- Location: White City Stadium
- Start date: 15 June
- End date: 29 June
- Total prize money: £3,000 (winner)

= 1963 English Greyhound Derby =

The 1963 Greyhound Derby took place during June with the final being held on 29 June 1963 at White City Stadium.
The winner was Lucky Boy Boy and the owner Stan Barrett received £3,000.

== Final result ==
At White City (over 525 yards):

| Position | Name of Greyhound | Breeding | Trap | SP | Time | Trainer |
|---|---|---|---|---|---|---|
| 1st | Lucky Boy Boy | Super Man - Grange Maiden | 1 | 1-1f | 29.00 | John Bassett (Clapton) |
| 2nd | Greenane Wonder | Hi There - Prairie Peg | 2 | 4-1 | 29.54 | Jack Harvey (Wembley) |
| 3rd | Barronstown King | Jakfigaralt - Eileen's Neighbour | 6 | 25-1 | 29.62 | Clare Orton (Wimbledon) |
| 4th | Hack It About | Solar Prince - Hack About | 3 | 4-1 | 30.58 | Jack Harvey (Wembley) |
| 5th | Misty King | Duet Leader - Shiralee | 5 | 8-1 | 30.78 | John Bassett (Clapton) |
| 6th | Bulgaden Glory | Super Man - Airways Biddy | 4 | 20-1 | 30.88 | John Haynes (Private) |

=== Distances ===
6¾, 1, 12, 2½, 1¼ (lengths)

The distances between the greyhounds are in finishing order and shown in lengths. From 1950 one length was equal to 0.08 of one second.

== Competition report==
Dromin Glory returned for another edition of the Derby and headed the ante-post betting based on his form from the previous year. Trainer John Bassett trained two more leading contenders called Misty King and Gold Collar runner up Lucky Boy Boy. Trainer Bessie Lewis travelled down from her Scottish kennels with a greyhound Called Crazy Platinum, a son of Crazy Parachute.

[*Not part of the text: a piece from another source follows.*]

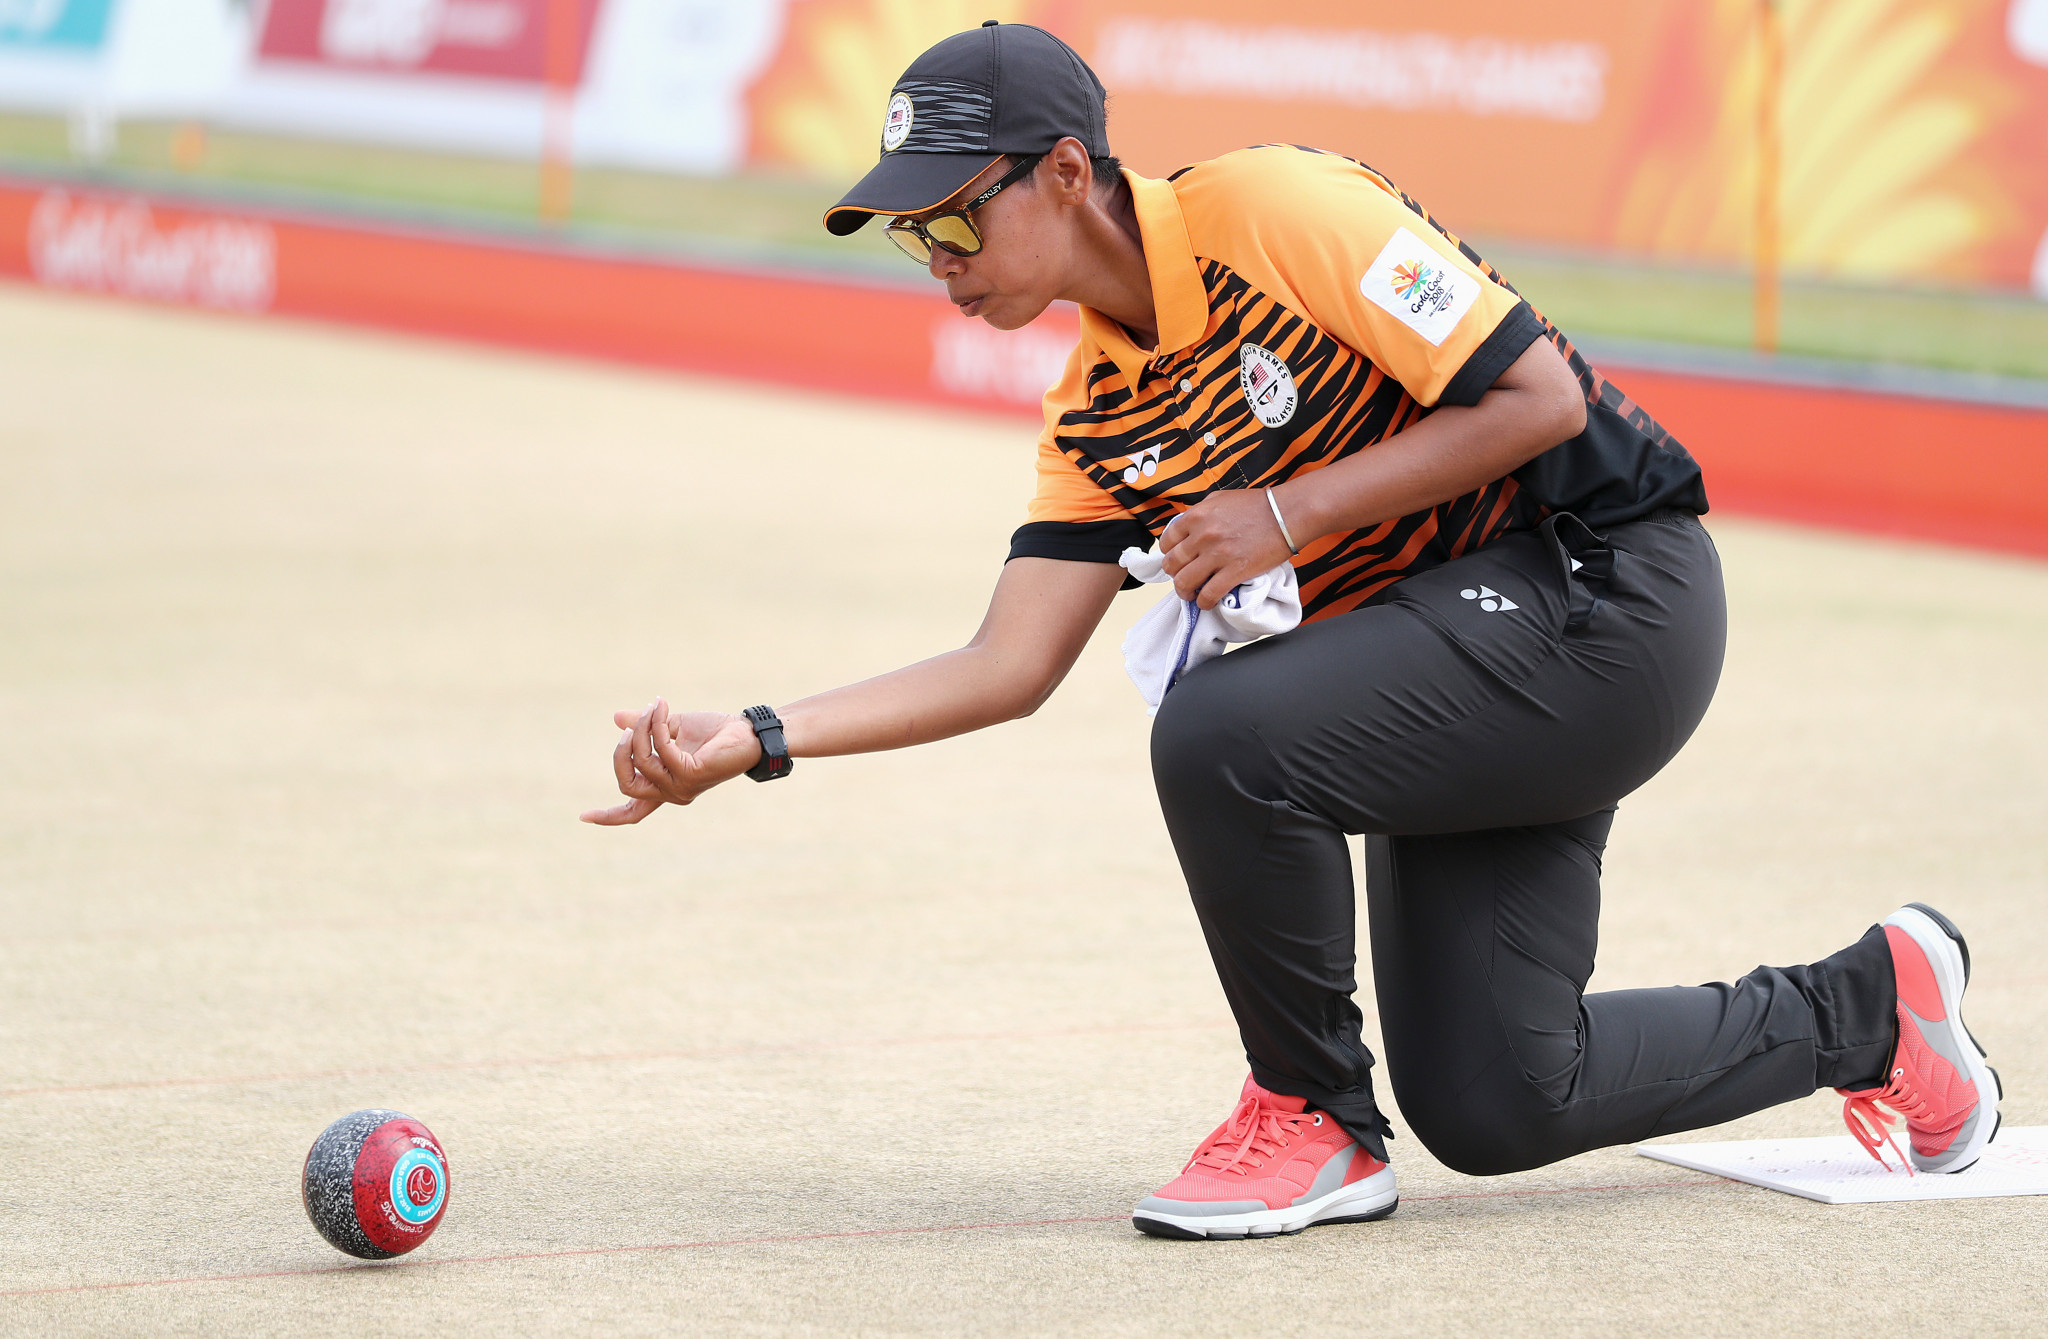 Malaysia's Siti Zalina Ahmad was one of the two beaten semi-finalists ©Getty Images

The first round resulted in three greyhounds quoted at 250-1 and 500-1 ante-post winning heats and Dromin Glory failed to qualify after a poor run. Dual Derby finalist Black July went out in round two but consolation for John Bassett came with Lucky Boy Boy who was successful in both the heats and second round. Dalcassian Son also won in the heats and second round. Misty King and Greenane Wonder both won, the latter in a heat that ended with the disqualification of Lowerton Hero.

The opening semi-final went to a 20-1 shot Bulgaden Glory from Barronstown King and Misty King in a race marred by trouble that led to the elimination of Dalcassian Son. A cleaner and much closer second semi-final ended with Greenane Wonder edging out Hack It About by a short head with Lucky Boy Boy holding on for the third and final qualification spot by a short head from Irish challenger Jamie Serra. Gold Collar champion Music Guest's campaign also came to an end at this stage.

Although Lucky Boy Boy lost his unbeaten record in the semi-finals the bookmakers gave him a starting price of even money favourite for the final. Greenane Wonder was fast out the traps and moved wide at the first bend as he had throughout the competition and this caused Bulgaden Glory and Misty King to be bumped leaving them with no chance to qualify. Lucky Boy Boy took advantage of the trouble and went on to win by six and three quarter lengths.